I appreciate the respectful disagreement and the examples that counter my points. Like I said, I'm not trying to sway anyone's opinion about the guy personally. It may have more to do with his sponsor, MarathonGuide.com, than it does with his own choices.
I'm just saying, it has a negative effect in terms of the impact on the running community when someone who is unknown comes in from 1000 miles away to win a race in an uncompetitive fashion. This isn't Wardian specifically, but an example is someone soliciting the organizer of a marathon with a $1500 first prize for travel, room, and expenses, getting "invited", and winning by 16 minutes. That person leaves, and literally, within a day, nobody is talking about the race. Sixteen minutes later, an actual race takes place between three runners from the city the race is being held in and from one state away. Completely ignored by the media, and nobody hears about it or cares.

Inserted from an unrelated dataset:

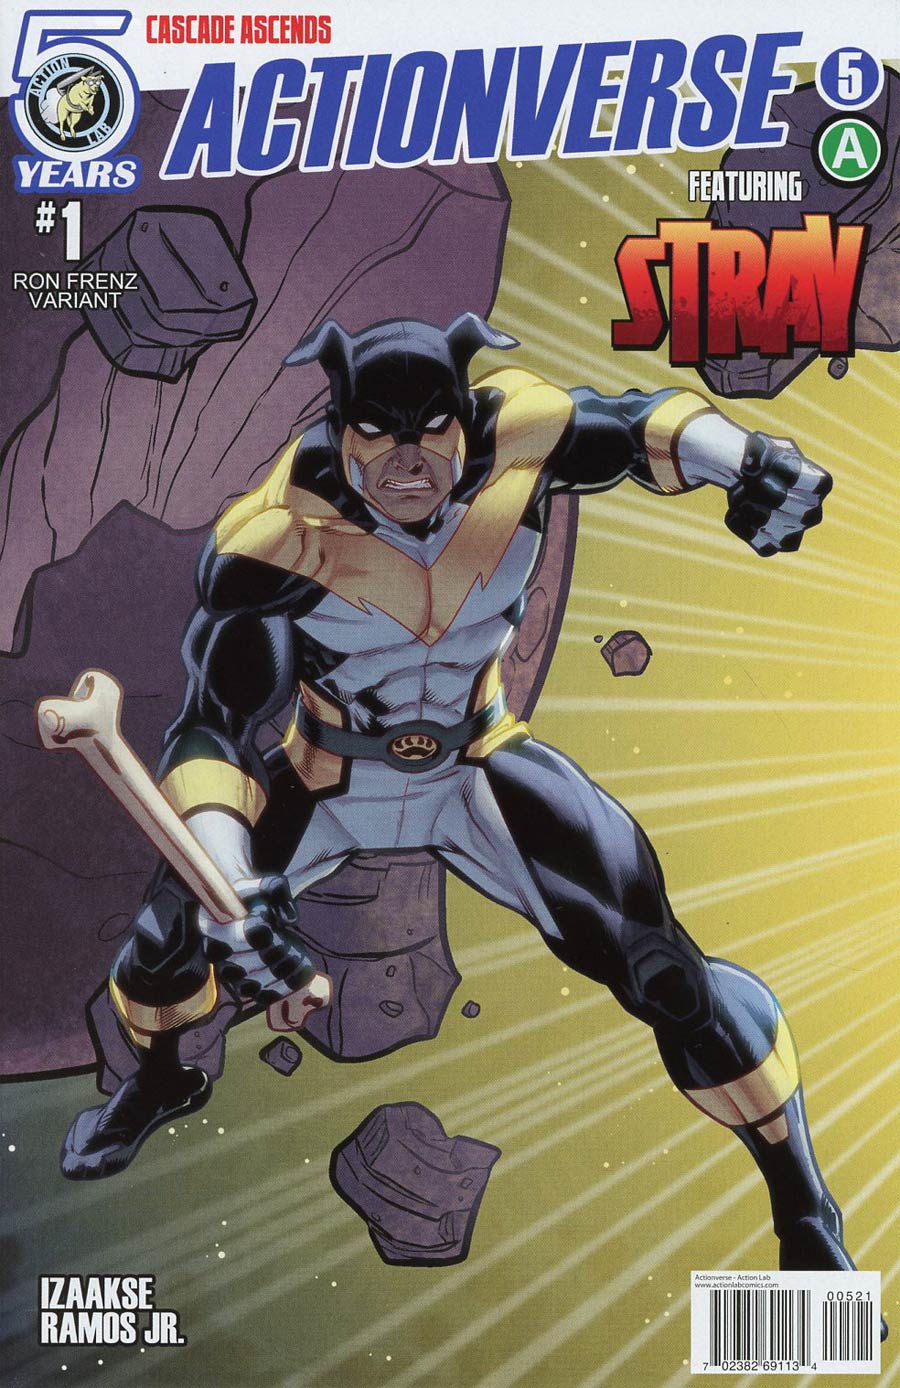 Actionverse #5 Featuring Stray Cover B Variant Ron Frenz Connecting Cover
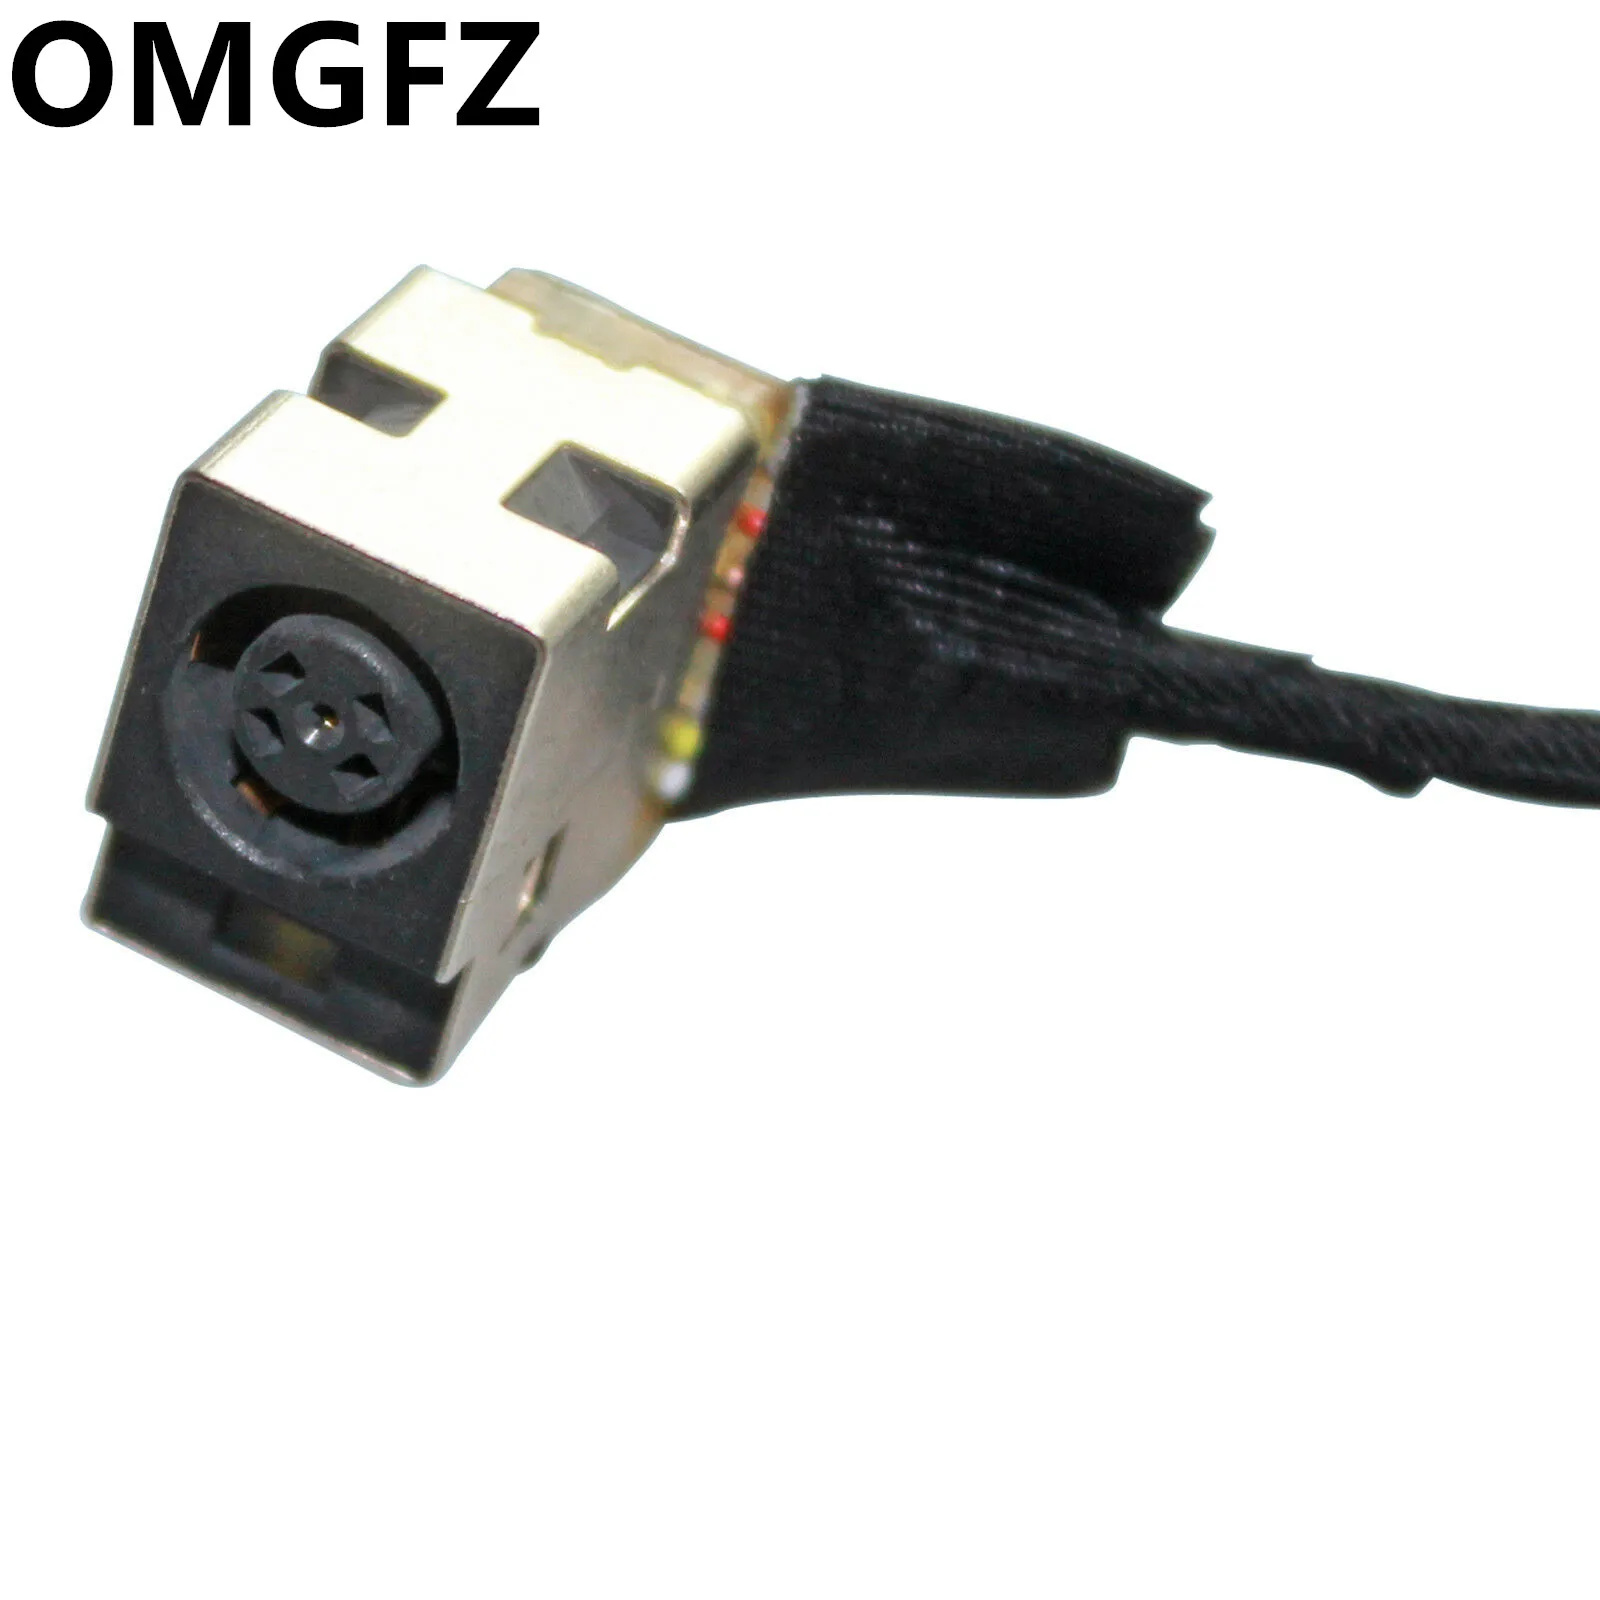 NEW DC Power Jack Plug SOCKET CABLE FOR HP Compaq G56 G62-100 602743-001 609154-001 images - 6

Conversely, same race, several years prior. Organizer is not interested in or prepared to pay travel, etc. to a name runner like Wardian. The field is largely local and somewhat regional. A great race with a close, dramatic finish takes place, local runner wins in course record time. Media goes crazy. That runner is on radio and TV (locally) for a week after the race, etc., and people still talk to that runner about the race years later, where they were when it happened, and their memories about it like it was the goddamn Kennedy assassination.
So, there is a kind of blowback to the local running scene that can happen in either case. It's not right or wrong, it's just what happens. I see other people stepping up and aspiring to do what Wardian does (or did, in destroying uncompetitive fields), and I strongly disagree with it, because I've seen how it can take a lot of positive things away from an event and a community.
Yes, there are examples of Wardian and racers like him running at races with no prize money, but how do you know the costs aren't covered by a sponsor, or the race director? It has to make economic sense for them to fly or drive across the country to run a race, so the money for that is coming from somewhere. I strongly, strongly doubt it is coming out of pocket, given he has a family to support.
Anyone can race anywhere they want, but those choices have effects. I don't like the effects I've seen caused by people who make the choice to race often in locations far away from their homes, taking resources and attention away from the communities that support those events. Don't throw a hissy if you disagree. It's just my opinion.